- PROBLEM: The response must be the exact lines from the one that contains "Former USWNT icon" through the end of the material, with no pictures and no additional lines.

- INFORMATION SHOWN:
_ _ _ _ _

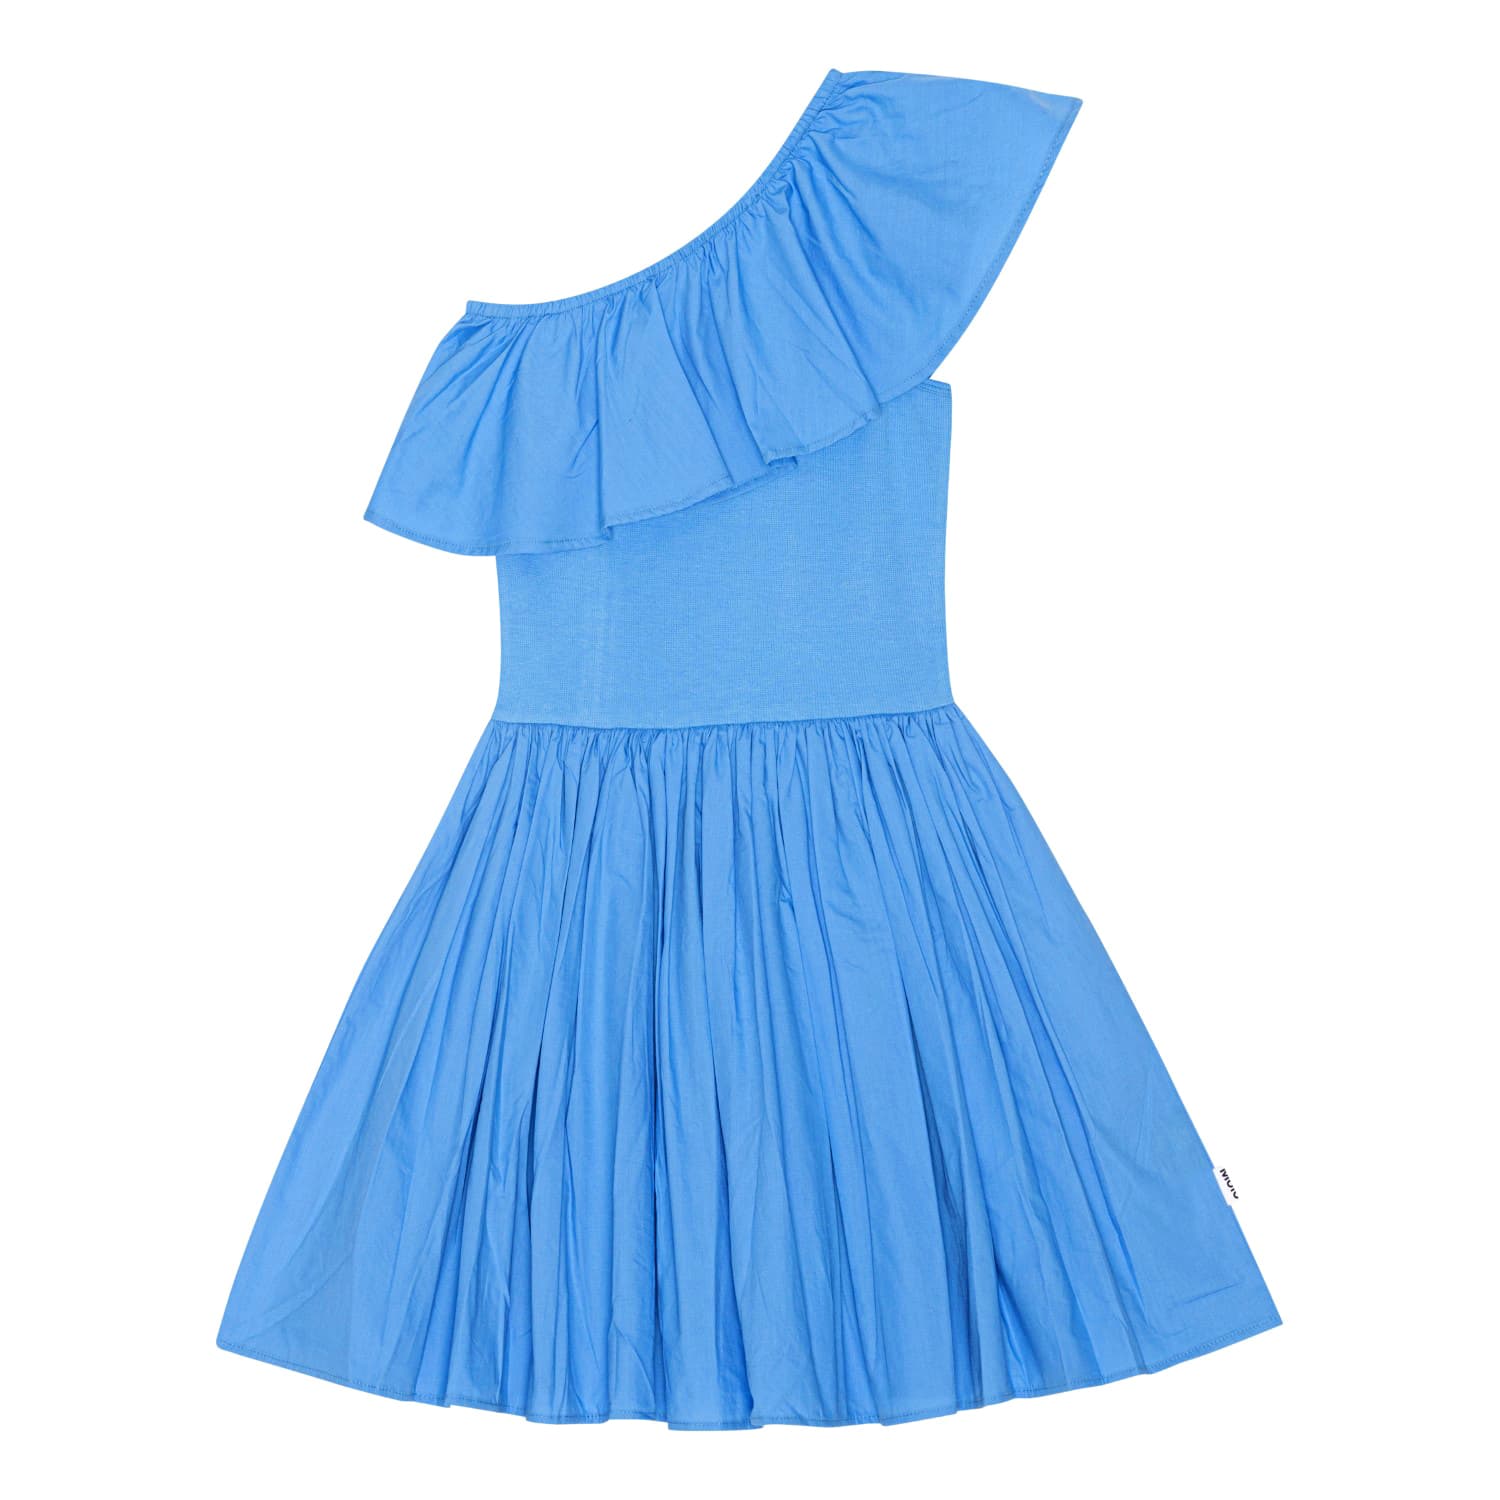 Chloey Dress (Forget Me Not)
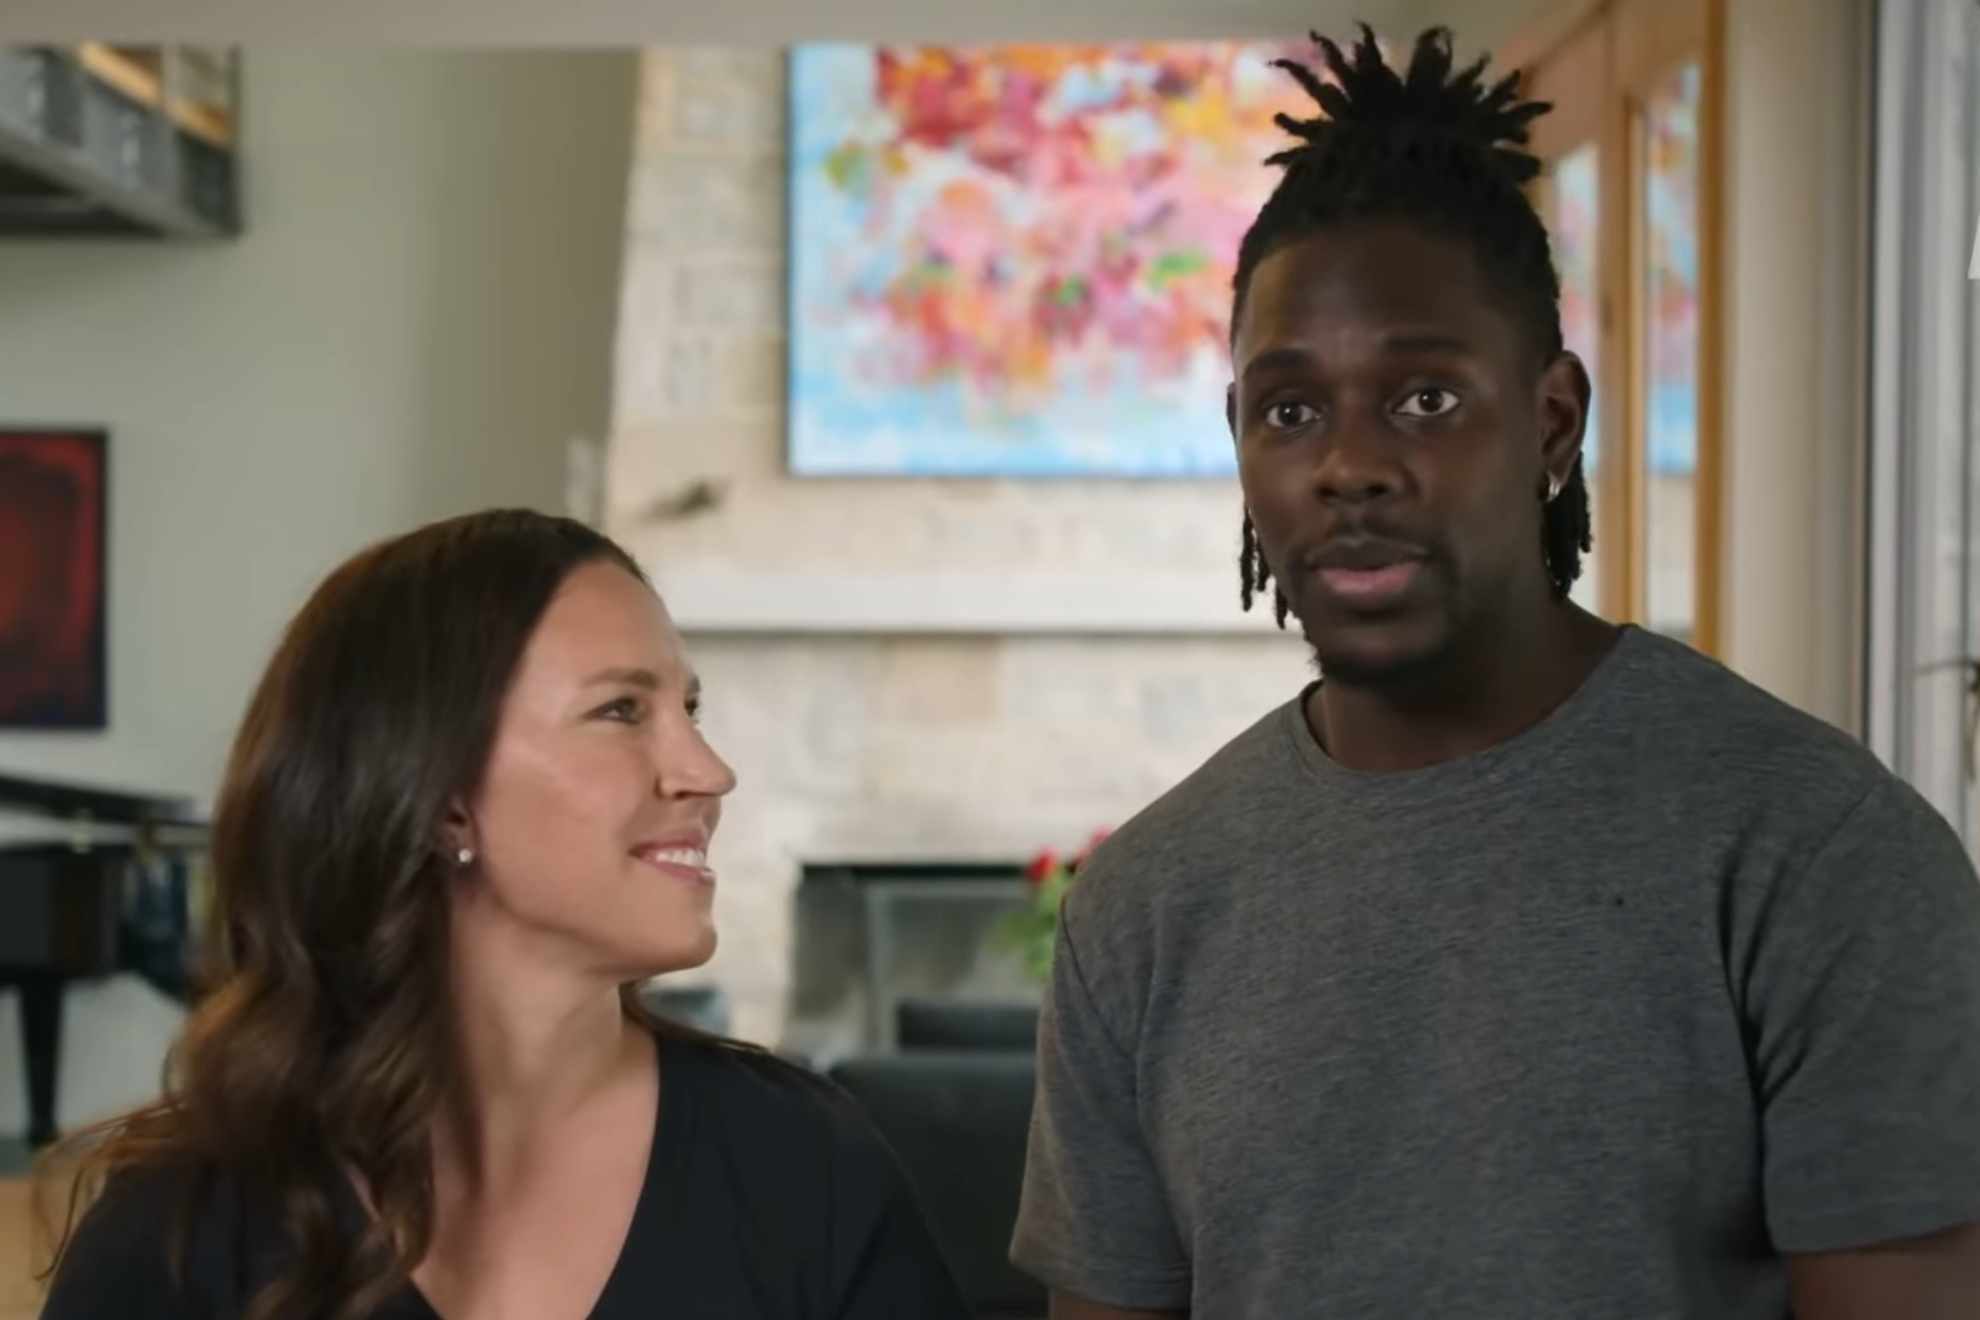 Former USWNT icon Lauren Holiday and NBA's Jrue Holiday have fallen victims to a scam worth millions of dollars.
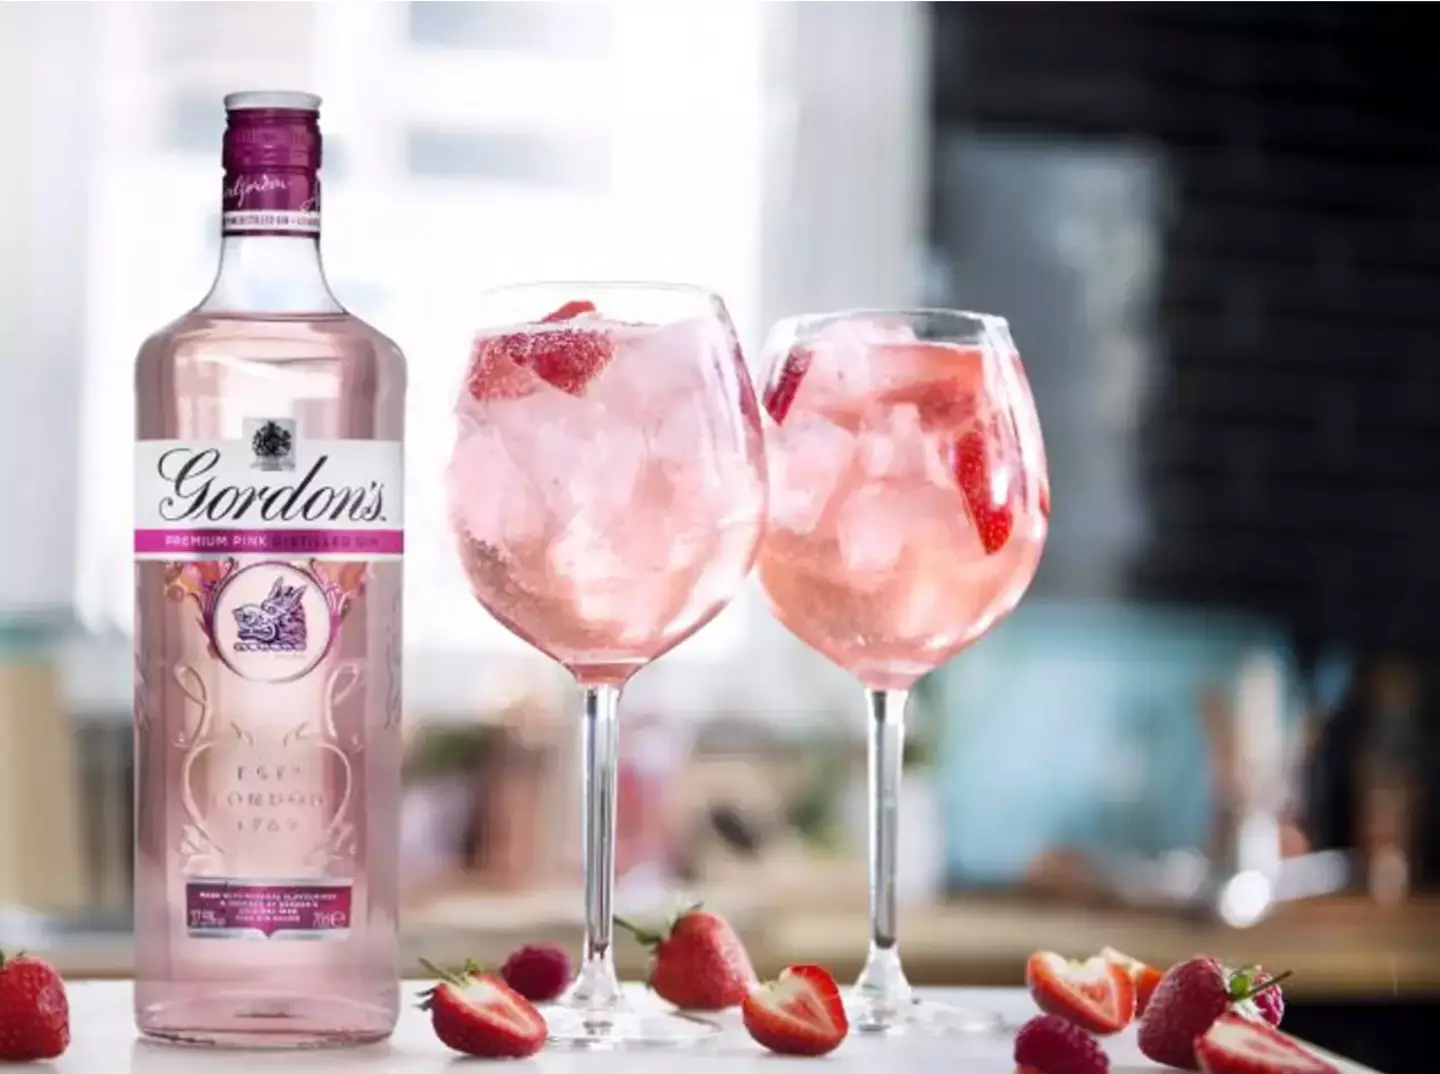 Gordon's launched their premium pink gin in 2017 (

_ _ _ _ _

- ANSWER TO THE PROBLEM:
 Former USWNT icon Lauren Holiday and NBA's Jrue Holiday have fallen victims to a scam worth millions of dollars.
 Gordon's launched their premium pink gin in 2017 (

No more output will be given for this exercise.